More DescriptionThe prevailing image of European Jews during the Holocaust years is one of helpless victims under a death sentence, unable to fight consignment to the ghettos, to the camps, and to the gas chambers. Movies such as Schindler's List show, however, that some were successful in escaping the Holocaust's death grip. In fact, many Jews struggled alone or with others against the terrors of the Third Reich, risking their lives against overwhelming odds for the slimmest chance of survival, or a mere glimpse of freedom. In Defiance, Nechama Tec offers a riveting history of one such group, a forest community in western Belorussia that would number more than 1,200 Jews by 1944--the largest armed rescue operation of Jews by Jews in World War II.
Describing the entire partisan movement in the region, Tec shows that while most forest fighters in Belorussia were rifle-carrying young men, the members of this extraordinary community included both men and women, ranging from infants to the elderly.

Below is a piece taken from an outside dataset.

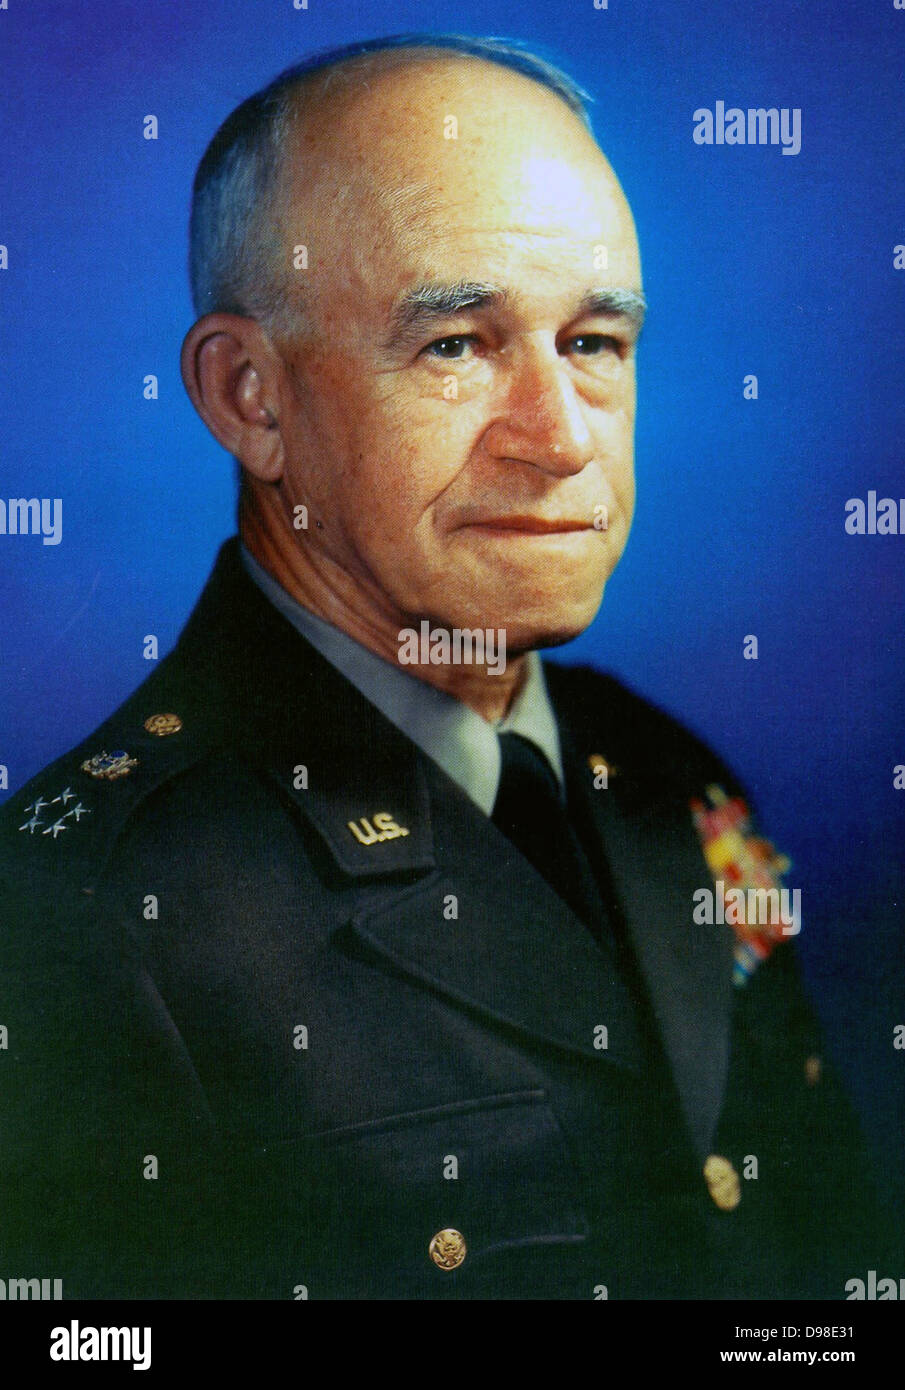 Omar Nelson Bradley (1893-1981) American general, U.S. Army field commander in both North Africa and Europe during the Second World War. Appointed first Chairman of the Joint Chiefs of Staff, September 1950, by President Truman. Stock Photo

She reconstructs for the first time the amazing details of how these partisans and their families--hungry, exposed to the harsh winter weather, always on the lookout for German patrols--managed not only to survive, but to offer protection to all Jewish fugitives who could find their way to them. Tec offers penetrating insight into the group's commander, Tuvia Bielski, without whom, she argues, success would have been unthinkable. She shows how, under Bielski's guidance, the partisans smuggled Jews out of heavily guarded ghettos, scouted the roads for fugitives, and led retaliatory raids against Belorussian peasants who collaborated with the Nazis.
Drawing on wide-ranging research and never before published interviews with surviving partisans--including Tuvia Bielski himself two weeks before his death in 1987--Tec recounts here the poignant and unforgettable story of those who chose to fight.